* **Work item**:
I'd like the entire listing output verbatim, apart from the pictures.

* **Available data**:
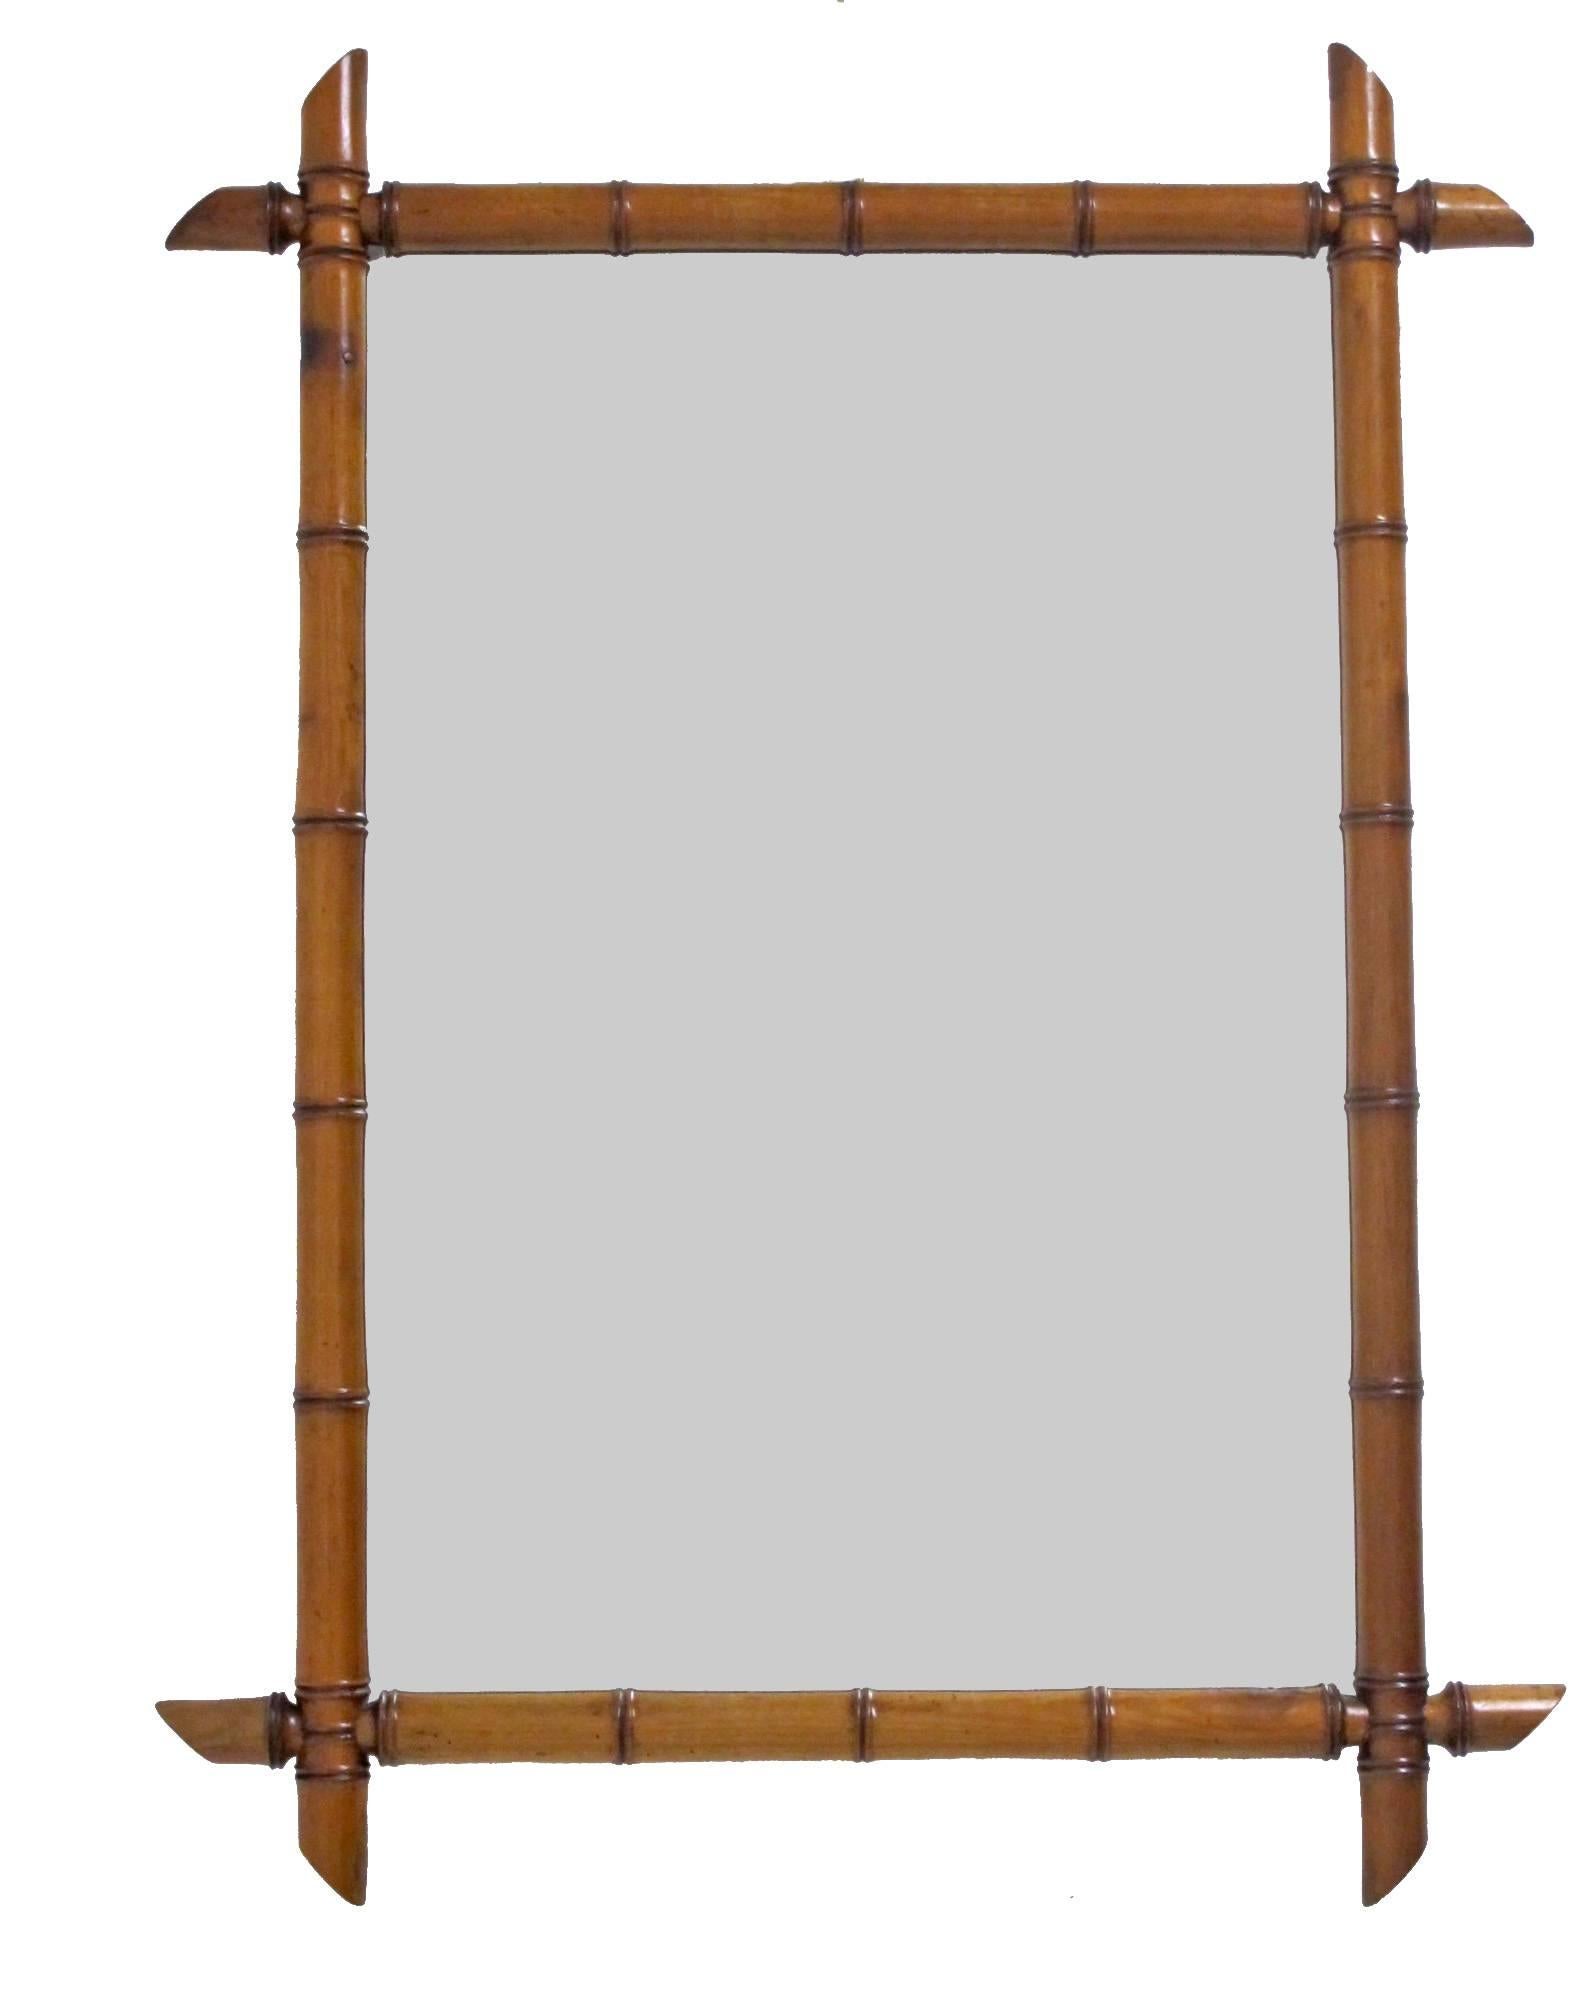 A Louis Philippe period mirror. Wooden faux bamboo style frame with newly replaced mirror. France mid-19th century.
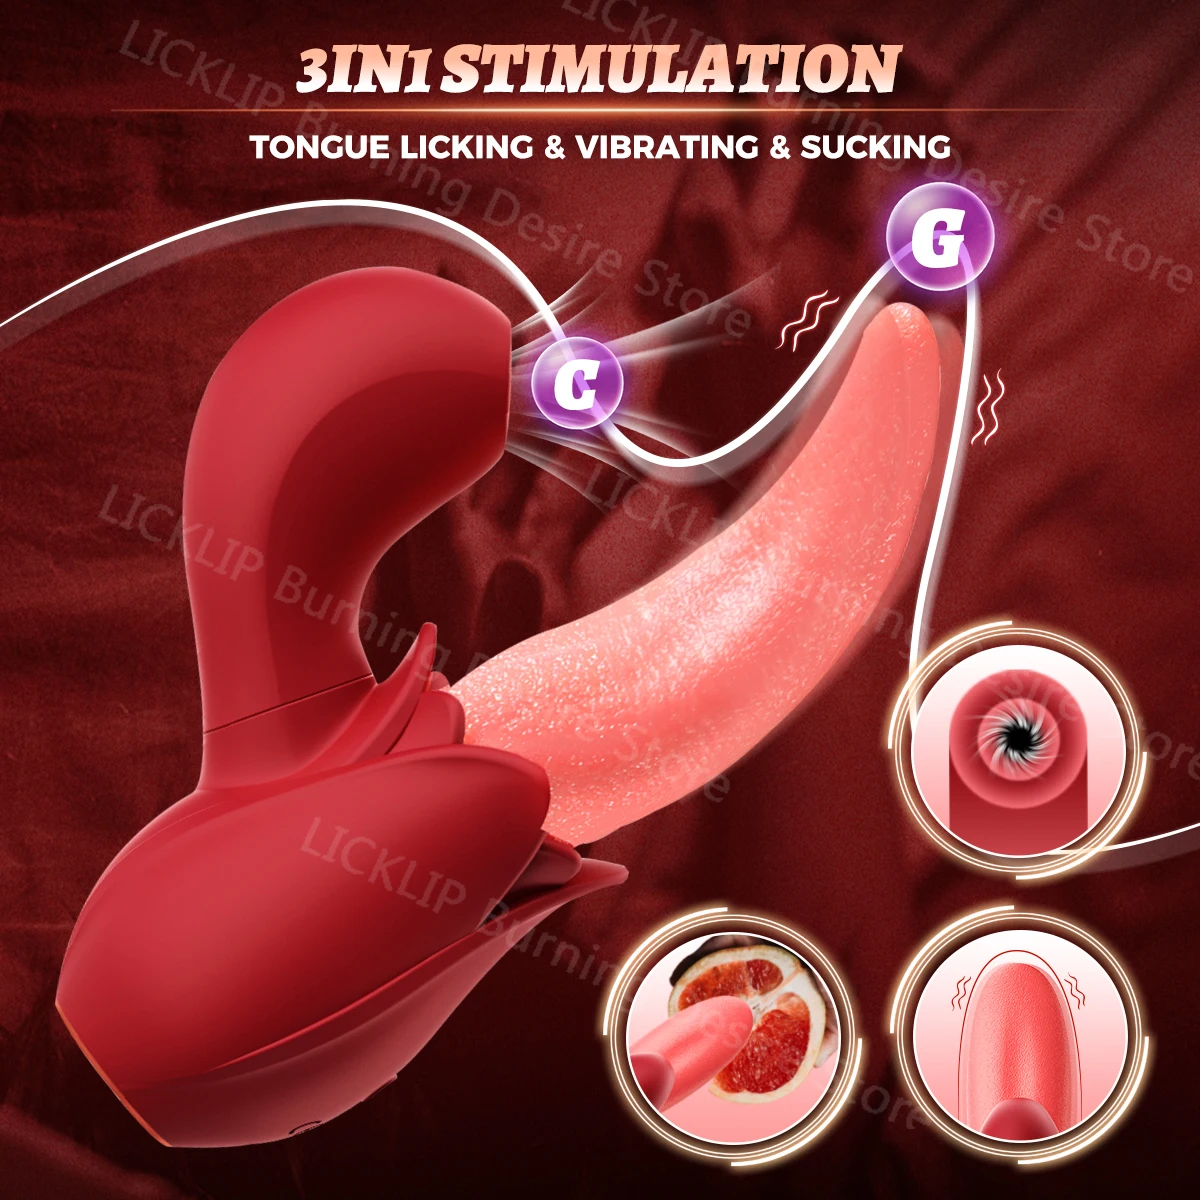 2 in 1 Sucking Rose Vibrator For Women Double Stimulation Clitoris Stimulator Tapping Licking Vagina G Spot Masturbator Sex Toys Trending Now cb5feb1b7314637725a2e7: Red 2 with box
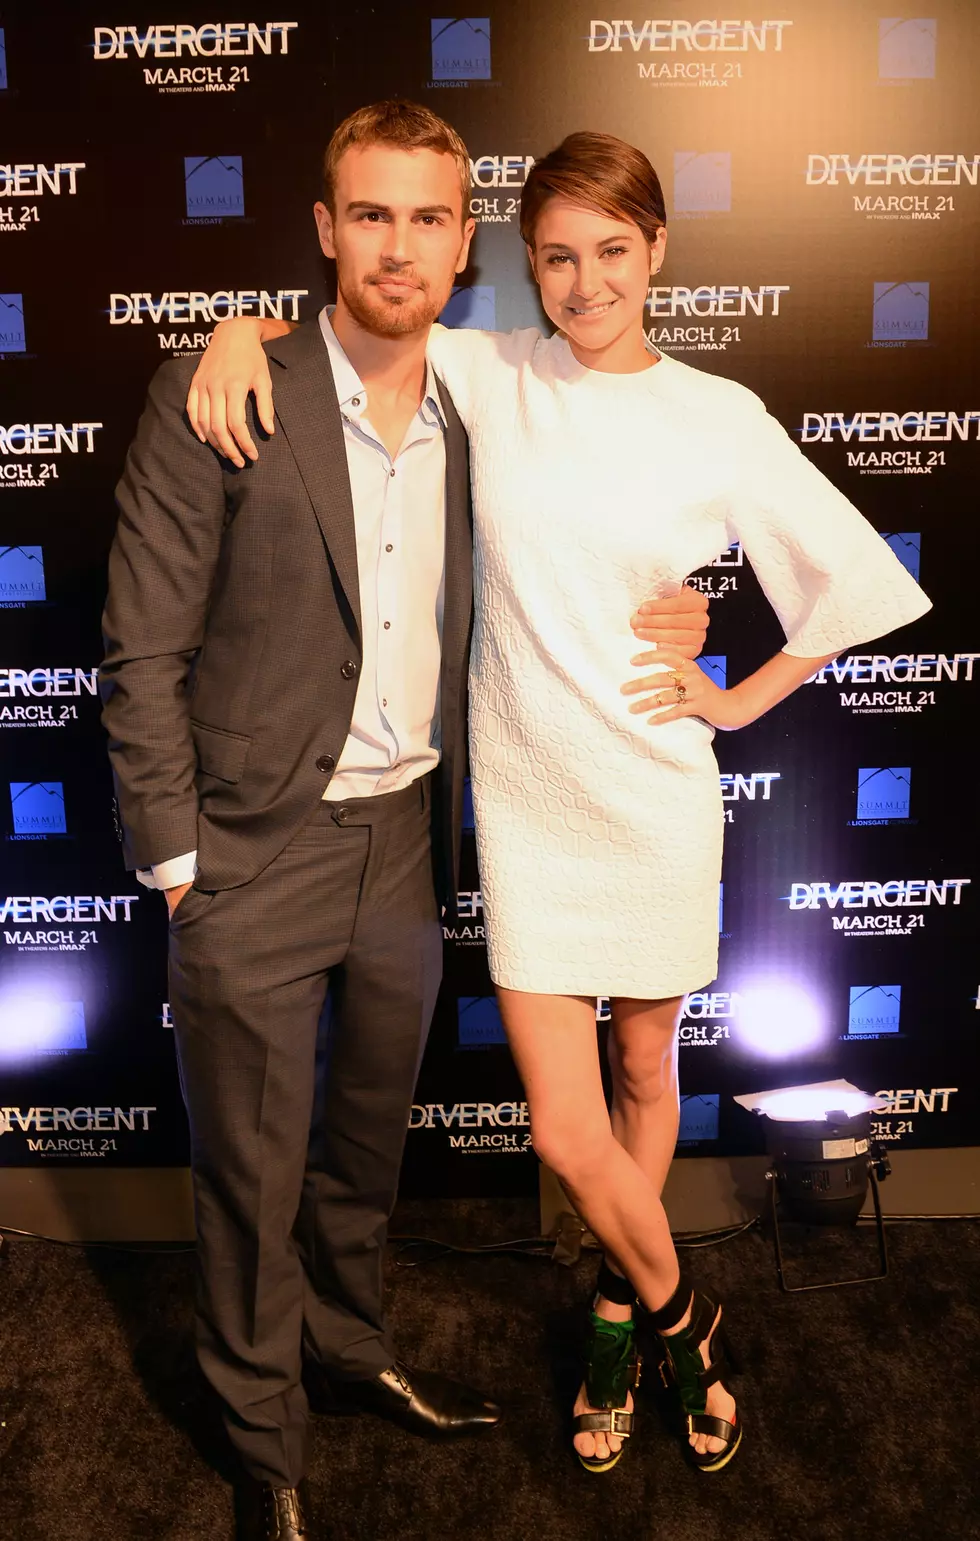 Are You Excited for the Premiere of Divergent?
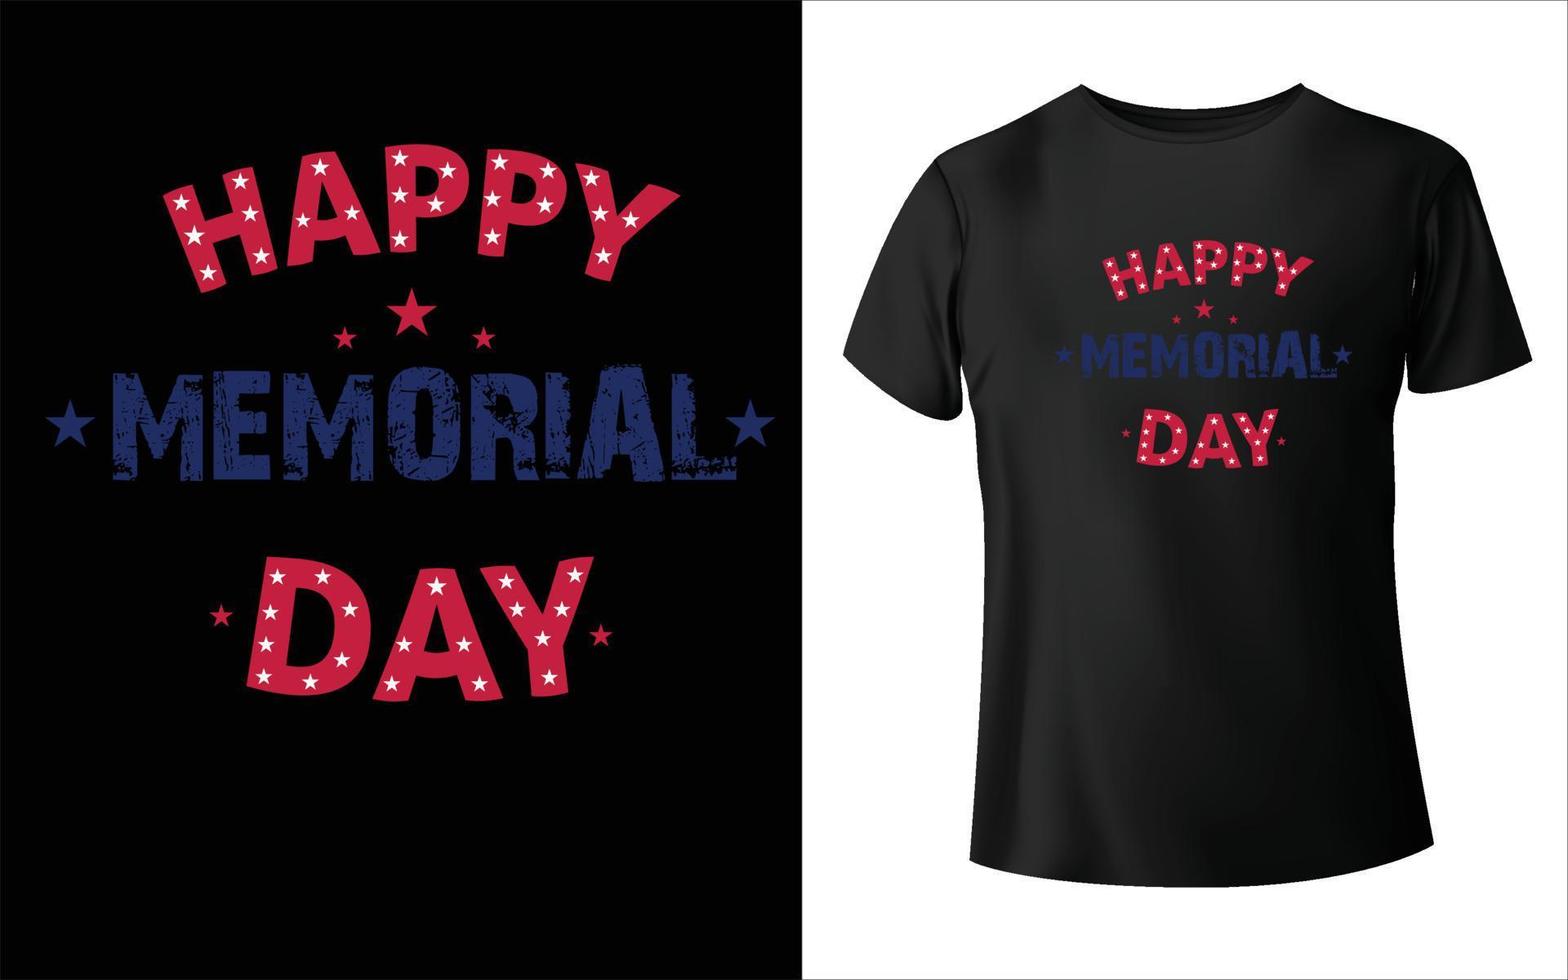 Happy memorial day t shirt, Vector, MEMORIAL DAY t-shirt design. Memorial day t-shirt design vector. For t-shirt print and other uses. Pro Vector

* **Result of this exercise**:
 A Louis Philippe period mirror. Wooden faux bamboo style frame with newly replaced mirror. France mid-19th century.
 2 in 1 Sucking Rose Vibrator For Women Double Stimulation Clitoris Stimulator Tapping Licking Vagina G Spot Masturbator Sex Toys Trending Now cb5feb1b7314637725a2e7: Red 2 with box
 Are You Excited for the Premiere of Divergent?
 Happy memorial day t shirt, Vector, MEMORIAL DAY t-shirt design. Memorial day t-shirt design vector. For t-shirt print and other uses. Pro Vector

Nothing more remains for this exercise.